I think thinking like this could not only unlock quantitative performance improvements like the ones discussed in this blog post, but also help us conceive of the generative AI project as actually a project of neurosymbolic AI, even if the most capital intensive and a novel aspect is a neural network; and once we begin to think like that, that unlocks a lot of new options and more holistic thinking and might increase research in the harness area.

andai 5 hours ago | parent | next [-]

My Weird Hill is that we should be building things with GPT-4.

I can say unironically that we haven't even tapped the full potential of GPT-4. The original one, from 2023. With no reasoning, no RL, no tool calling, no structured outputs, etc. (No MCP, ye gods!) Yes, it's possible to build coding agents with it!

I say this because I did!

Forcing yourself to make things work with older models forces you to keep things simple. You don't need 50KB of prompts. You can make a coding agent with GPT-4 and half a page of prompt.

Now, why would we do this? Well, these constraints force you to think differently about the problem. Context management becomes non-optional. Semantic compression (for Python it's as simple as `grep -r def .`) becomes non-optional. Bloating the prompt with infinite detail and noise... you couldn't if you wanted to!

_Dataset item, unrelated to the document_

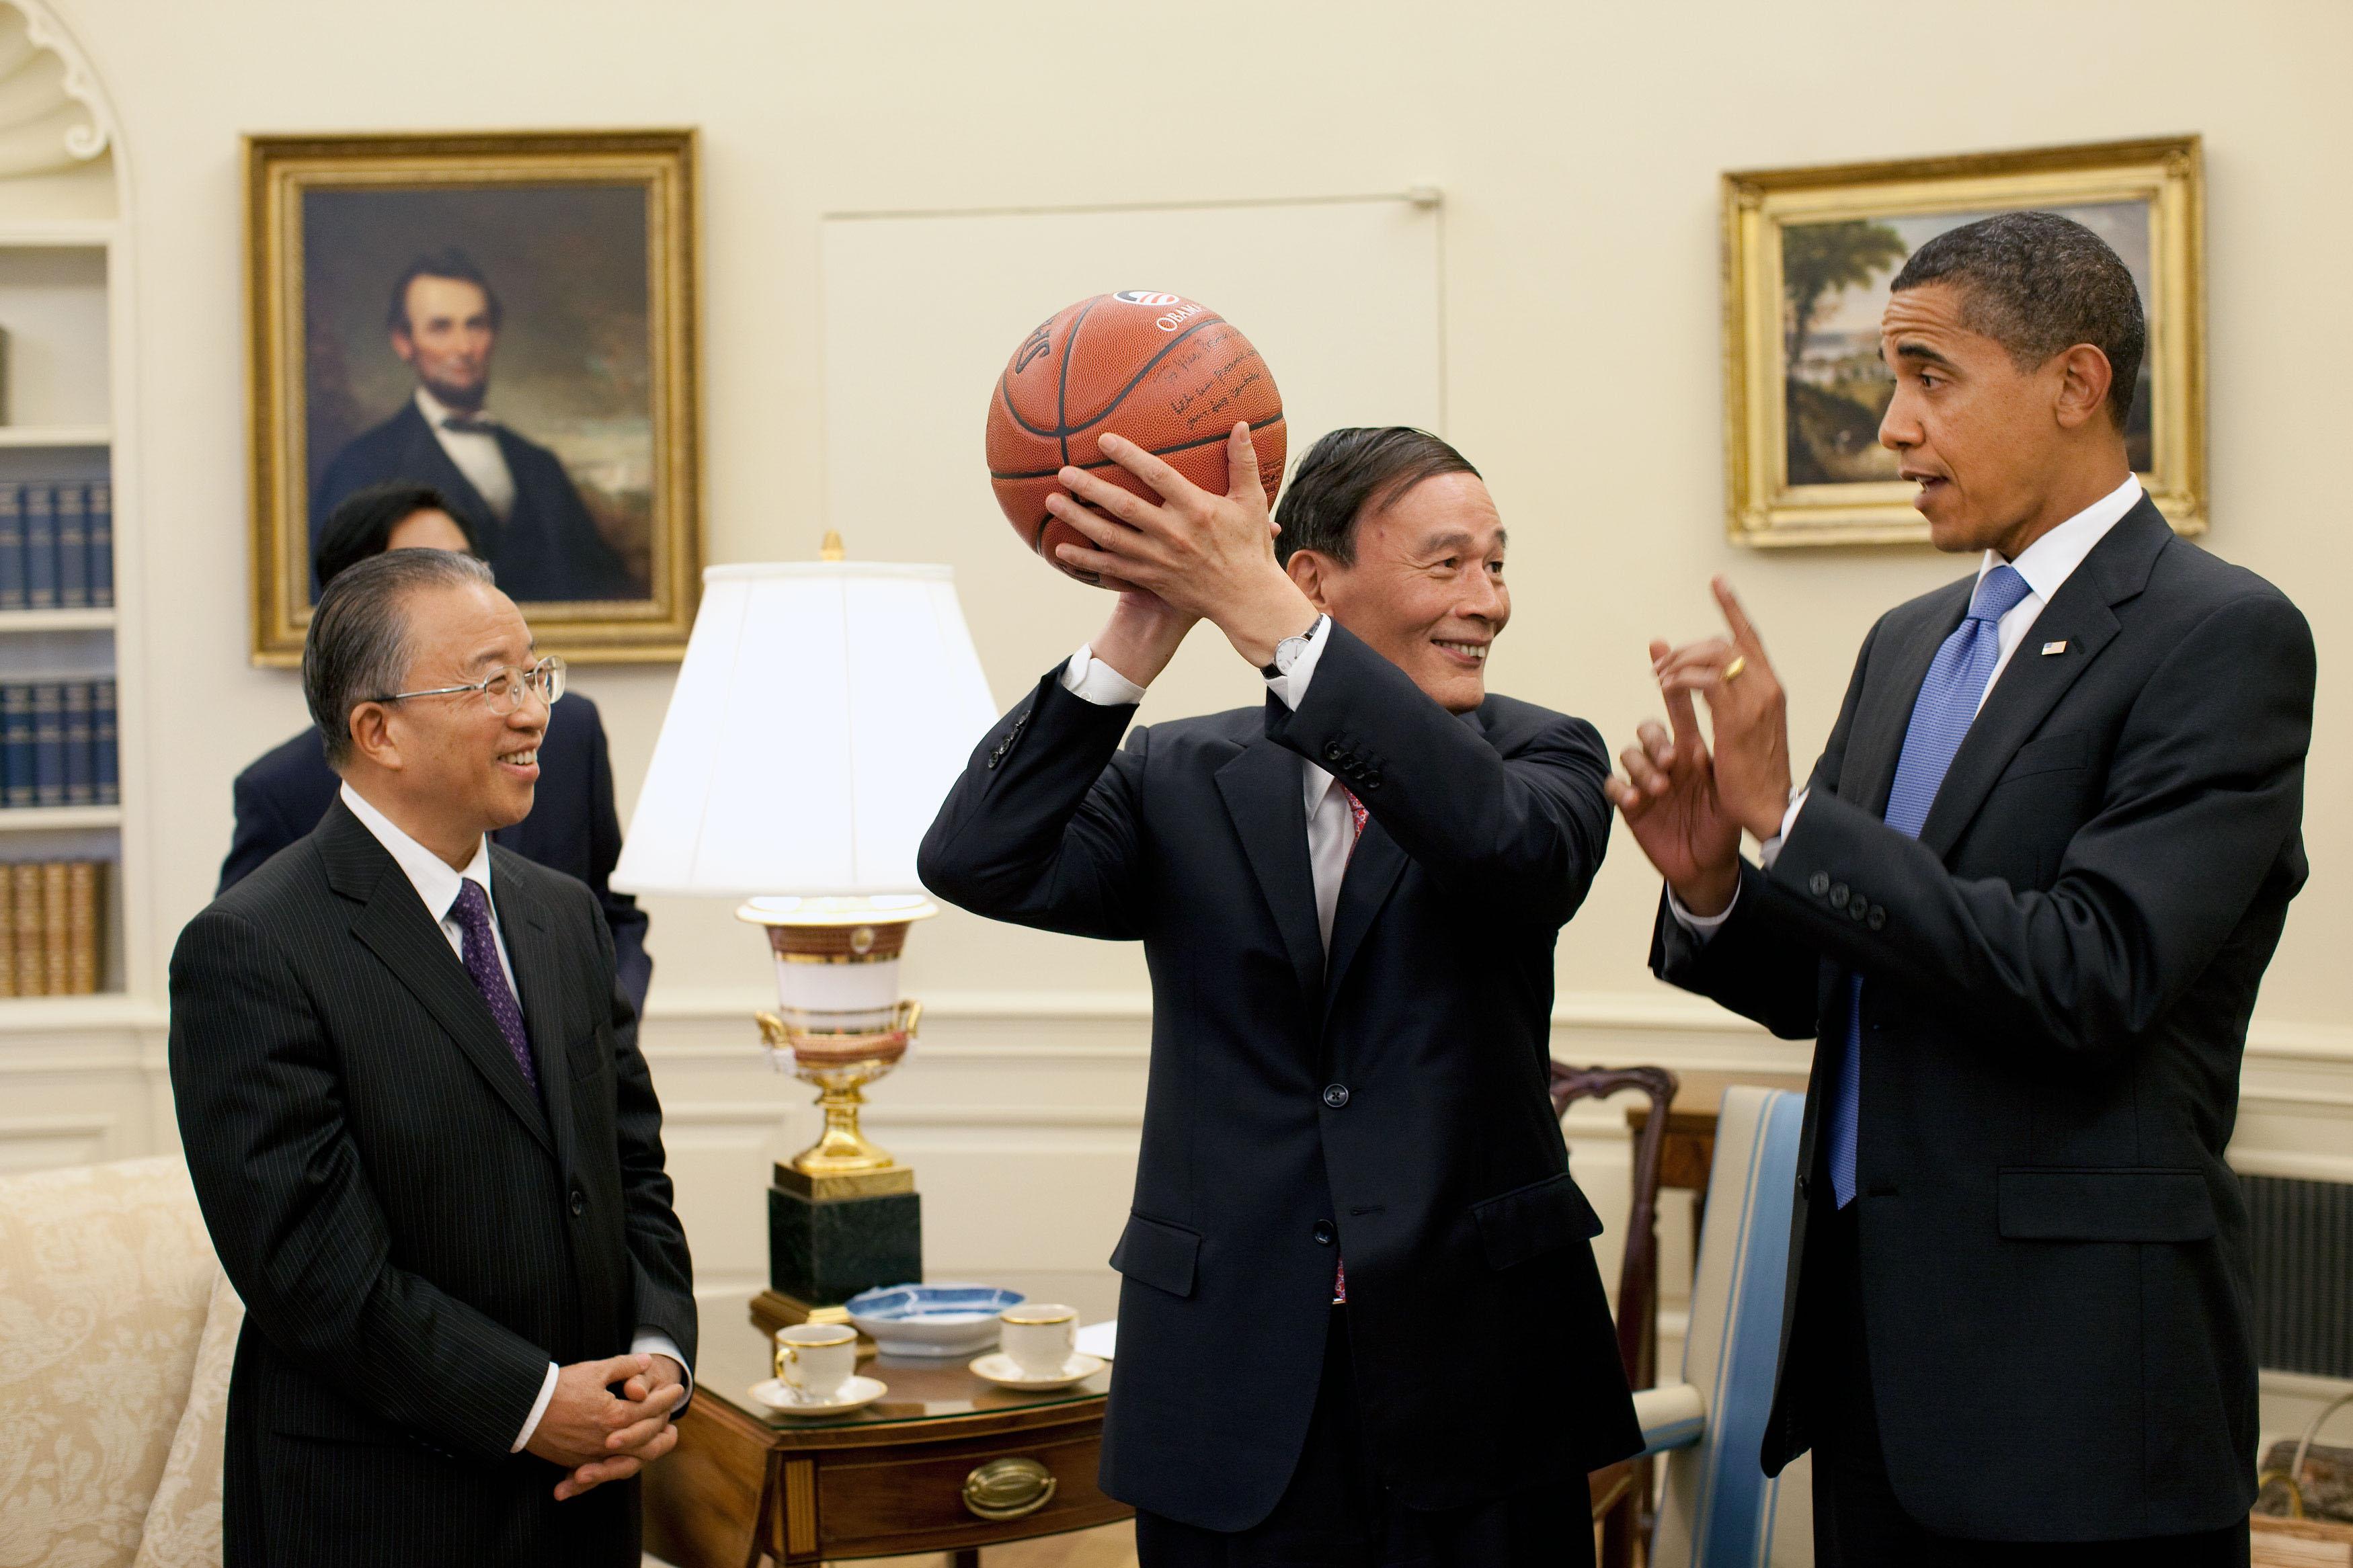 Obama Japanese School Girl - Viewing Gallery

Well, surely none of this is relevant today? Well, it turns out all of it still is! e.g. small fix, the "grep def" (or your language's equivalent) can be trivially added as a startup hook to Claude Code, and suddenly it doesn't have to spend half your token budget poking around the codebase, because -- get this -- it can just see where everything is... (What a concept, right?)

-- We can also get into "If you let the LLM design the API then you don't need a prompt because it already knows how it should work", but... we can talk about that later ;)

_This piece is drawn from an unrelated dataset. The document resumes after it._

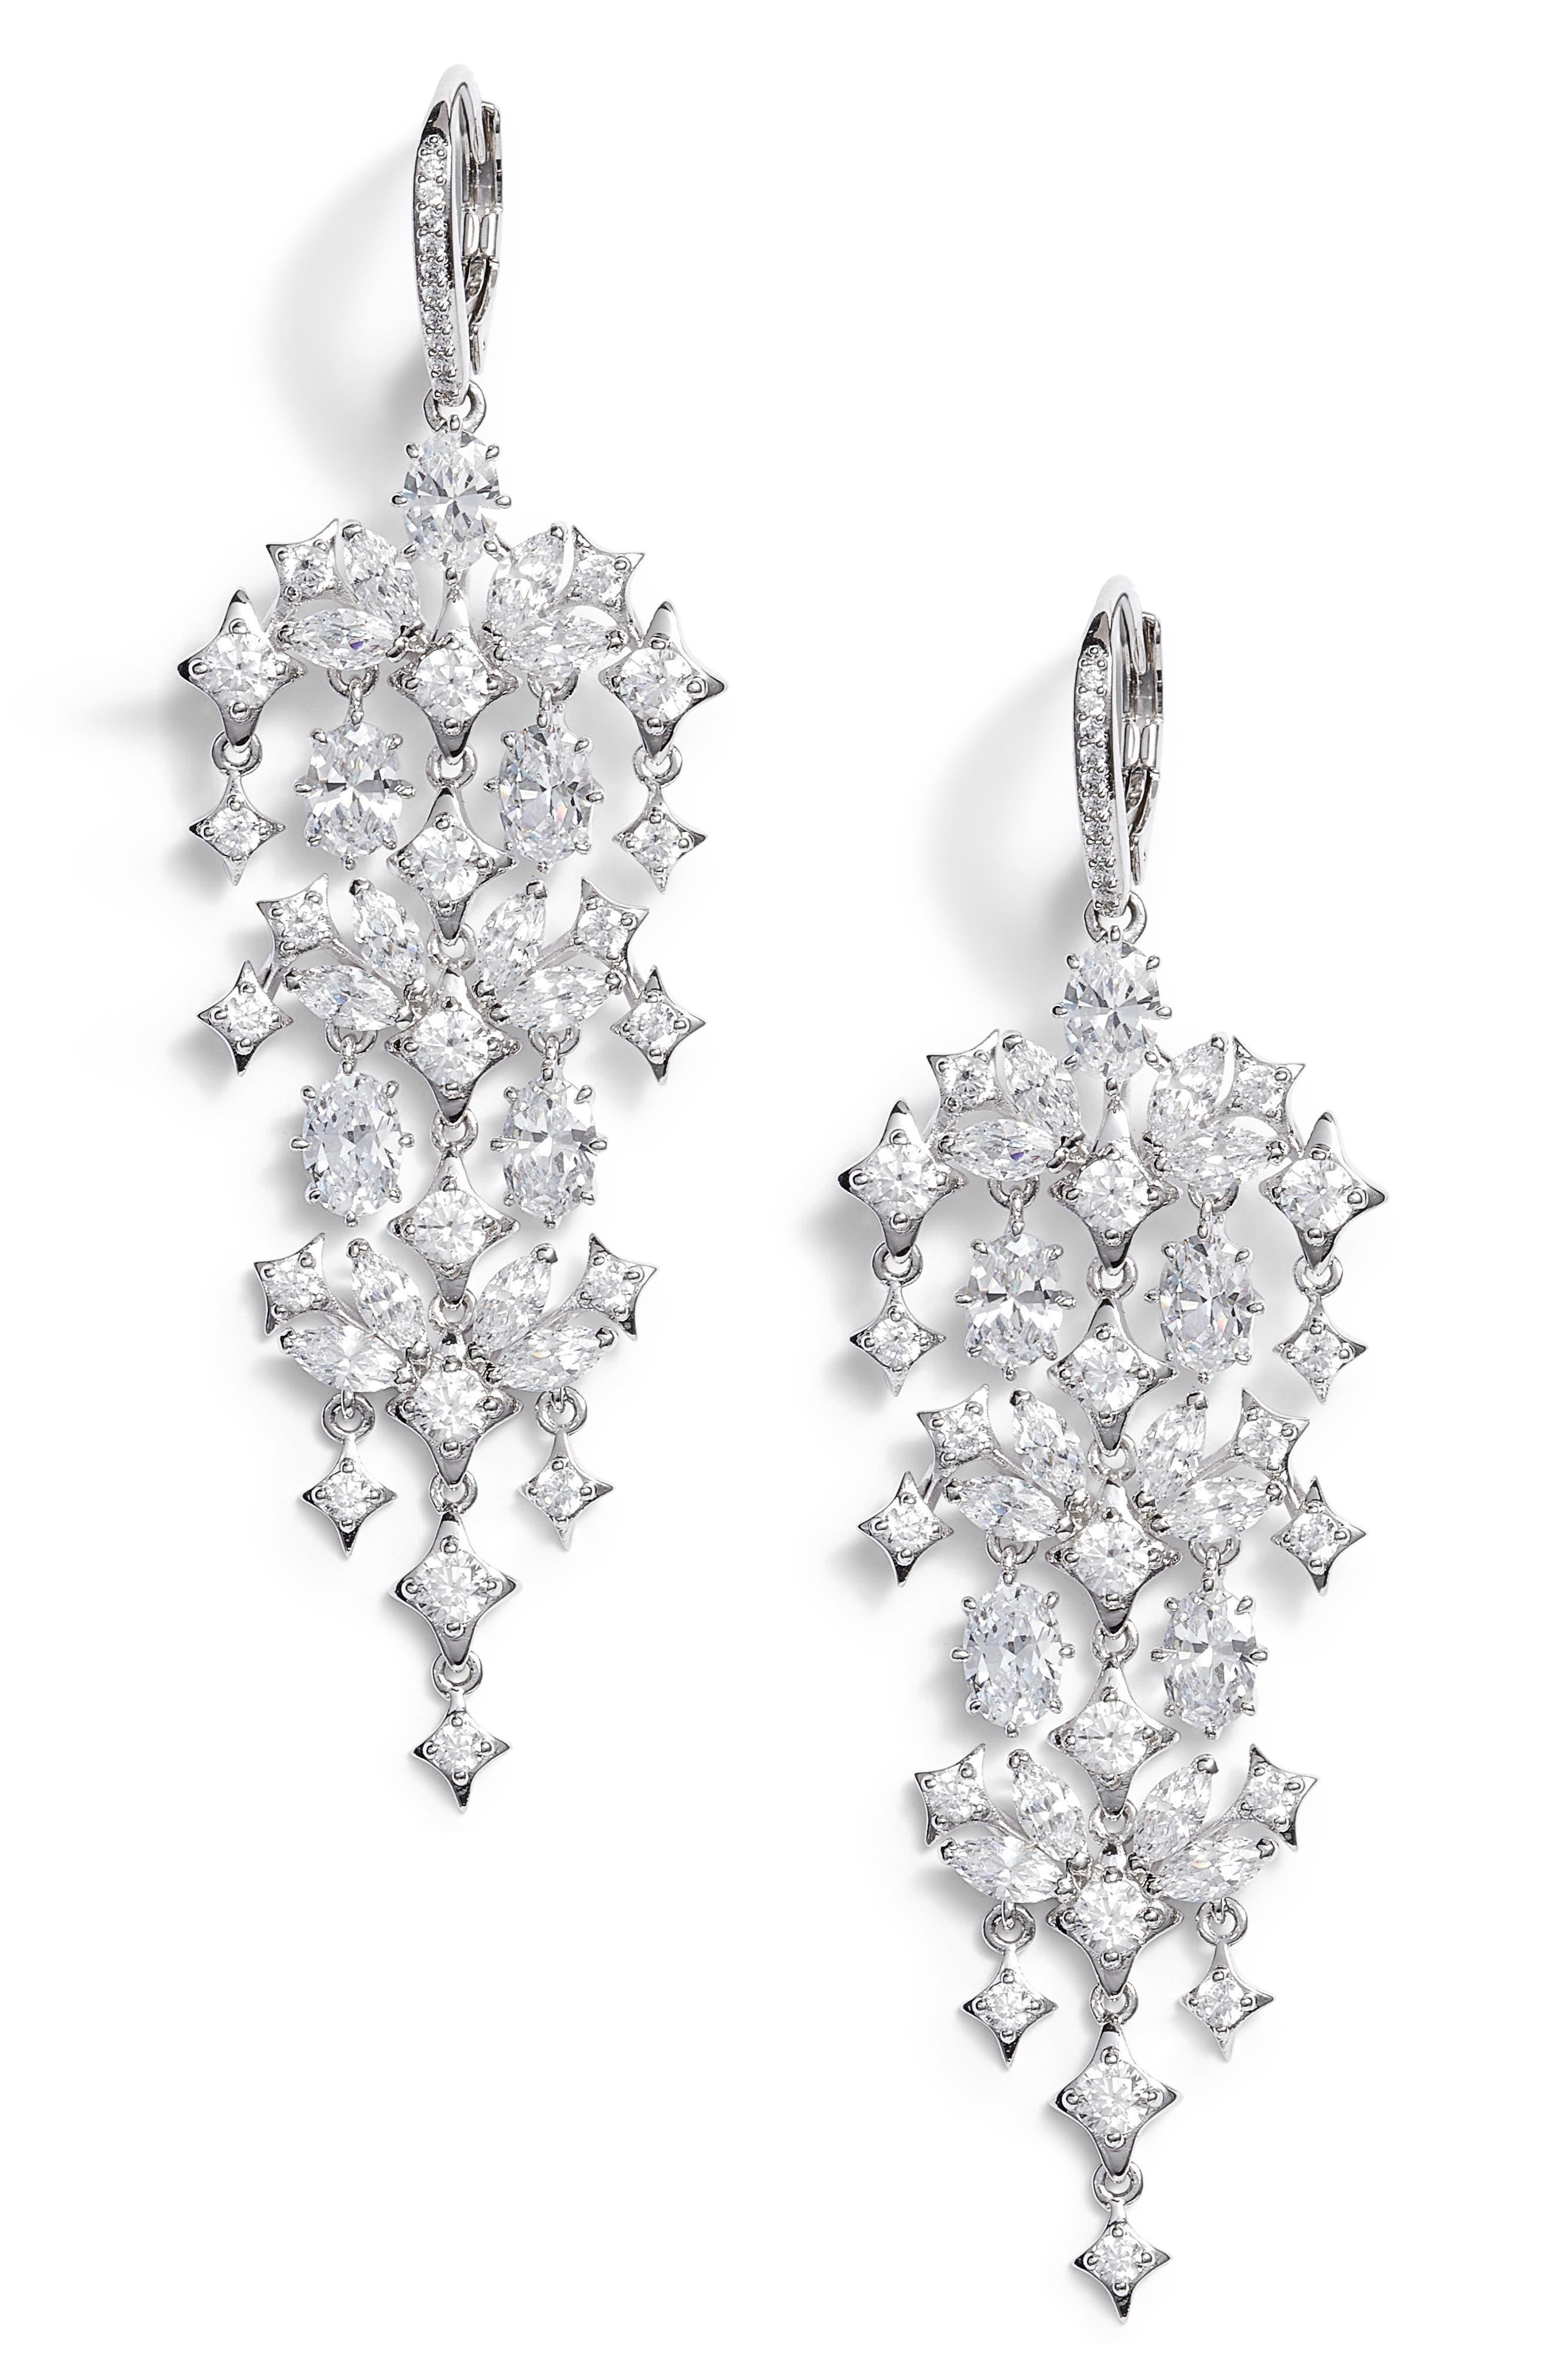 Boho Crystal Chandelier Earrings,                         Main,                         color, Silver/ Clear

jstummbillig 3 hours ago | parent | next [-]

The problem with these exercises is always: I have limited time and capacity to do things, and a fairly unlimited number of problems that I can think of to solve. Coding is not a problem I want to solve. Prompt engineering is not a problem I want to solve.

If I do things for the love if it, the rules are different of course. But otherwise I will simply always accept that there are many things that improve around me, that I have no intimate knowledge of and probably never will, and I let other people work them out and happily lean on their work to do the next thing I care about, that is not already solved.

logicprog 4 hours ago | parent | prev [-]

> Well, surely none of this is relevant today? Well, it turns out all of it still is! e.g. small fix, the "grep def" (or your language's equivalent) can be trivially added as a startup hook to Claude Code, and suddenly it doesn't have to spend half your token budget poking around the codebase, because -- get this -- it can just see where everything is... (What a concept, right?)

Hahaha yeah. This is very true. I find myself making ad hoc versions of this in static markdown files to get around it. Just another example of the kind of low hanging fruit harnesses are leaving on the table. A version of this that uses tree sitter grammars to map a codebase, and does it on every startup of an agent, would be awesome.

> My Weird Hill is that we should be building things with GPT-4.

I disagree, IMO using the best models we have is a good way to avoid wasting time, but that doesn't mean we shouldn't also be frugal and clever with our harnesses!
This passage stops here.